New York City Fire Department Pension Fund: Mayor Michael Bloomberg; New York City Fire Commissioner Nicholas Scoppetta (Chair); New York City Finance Commissioner Martha E. Stark; Stephen Cassidy, President, James Slevin, Vice President, Robert Straub, Treasurer, and John Kelly, Brooklyn Representative and Chair, Uniformed Firefighters Association of Greater New York; Michael Currid, Captains’ Rep.; John J. McDonnell , Chiefs’ Rep., and Stephen J. Carbone, Lieutenants’ Rep., Uniformed Fire Officers Association; and, Joseph Gagliardi, Marine Engineers Association.

New York City Police Pension Fund: Mayor Michael Bloomberg; New York City Finance Commissioner Martha E. Stark; New York City Police Commissioner Raymond Kelly (Chair); Patrick Lynch, Patrolmen’s Benevolent Association; Michael Palladino, Detectives Endowment Association; Edward D. Mullins, Sergeants Benevolent Association; Thomas Drogan, Lieutenants Benevolent Association; and, Roy T. Richter, Captains Endowment Association.
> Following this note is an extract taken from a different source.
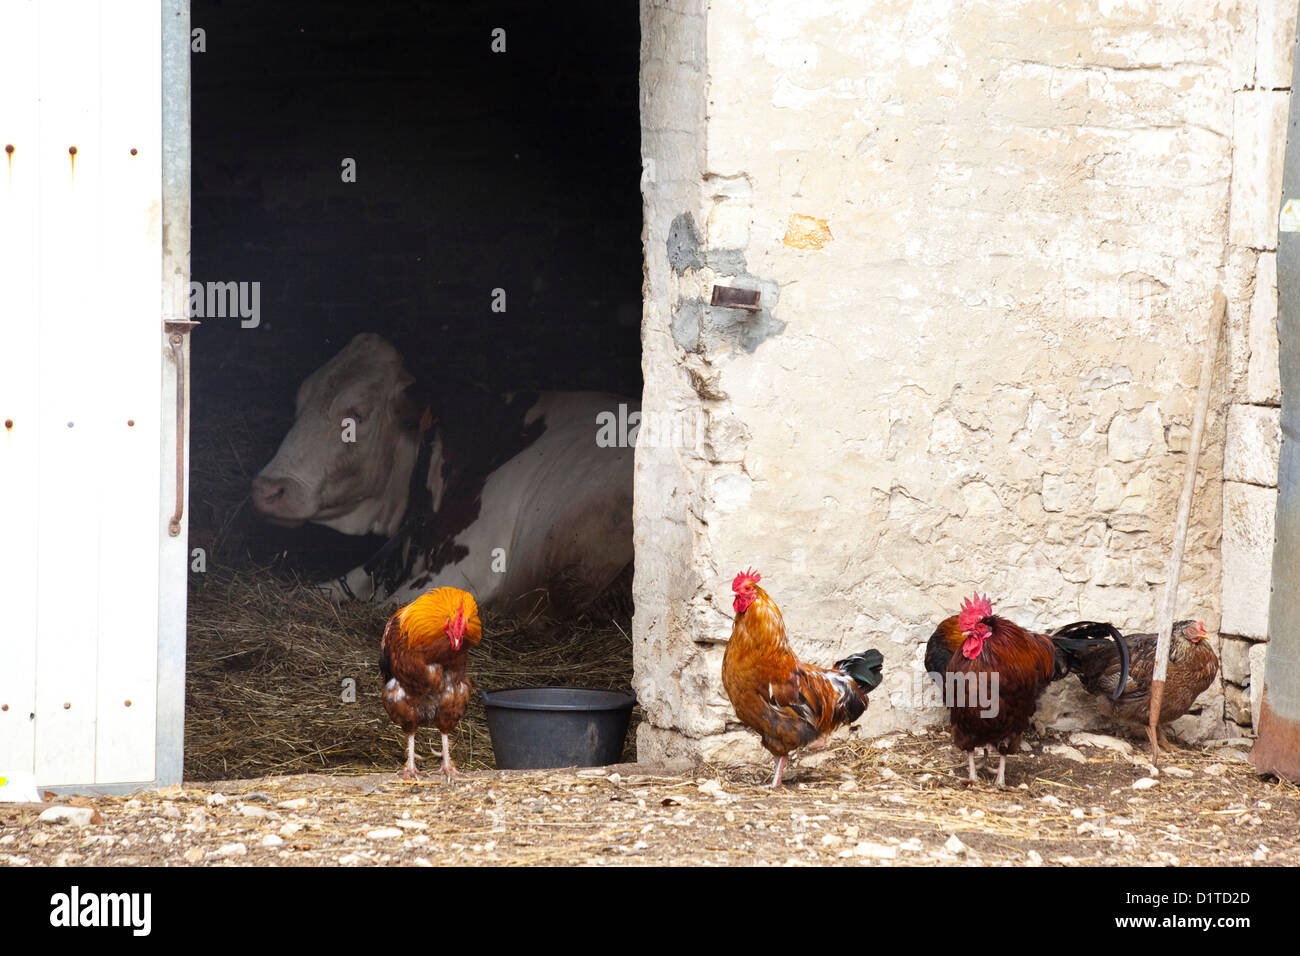 Barnyard imagen. Una vaca sentada dentro de un granero de ladrillo blanco mientras coloridos gallos se reúnen frente a la puerta. Foto de stock

New York City Employees’ Retirement System: New York City Finance Commissioner Martha E. Stark (Chair); New York City Public Advocate Betsy Gotbaum; Borough Presidents Scott Stringer (Manhattan), Helen Marshall (Queens), Marty Markowitz (Brooklyn), Adolfo Carrion (Bronx), and James Molinaro (Staten Island); Lillian Roberts, Executive Director, District Council 37, AFSCME; Roger Toussaint, President Transport Workers Union Local 100; and, Gregory Floyd, President, International Brotherhood of Teamsters, Local 237.

Teachers’ Retirement System: New York City Finance Commissioner Martha E. Stark (Chair); Deputy Chancellor Kathleen Grimm, New York City Department of Education; and, Sandra March, Melvyn Aaronson and Mona Romain, all of the United Federation of Teachers.

Board of Education Retirement System: mayoral appointees Schools Chancellor Joel Klein, Alan Aviles, Philip Berry, David Chang, Tino Hernandez, Edison O. Jackson, Richard Menschel and Marita Regan; Luis Peguero (Bronx), Patrick Sullivan (Manhattan), Wendy Gilgeous (Brooklyn), and Joan Correale (Staten Island); and employee members Joseph D’Amico of the IUOE Local 891 member and Milagros Rodriguez of District Council 37, Local 372.


William C. Thompson, Jr. is New York City’s 42nd Comptroller.  Sworn into office on January 1st, 2002, he was resoundingly reelected to serve a second term that began on January 1st, 2006.

In this role, Thompson serves as the Chief Financial Officer of the City of New York. In addition to his firm commitment to safeguarding the City's finances, Thompson has sought to expand the reach of the Comptroller's Office and find new solutions to old problems.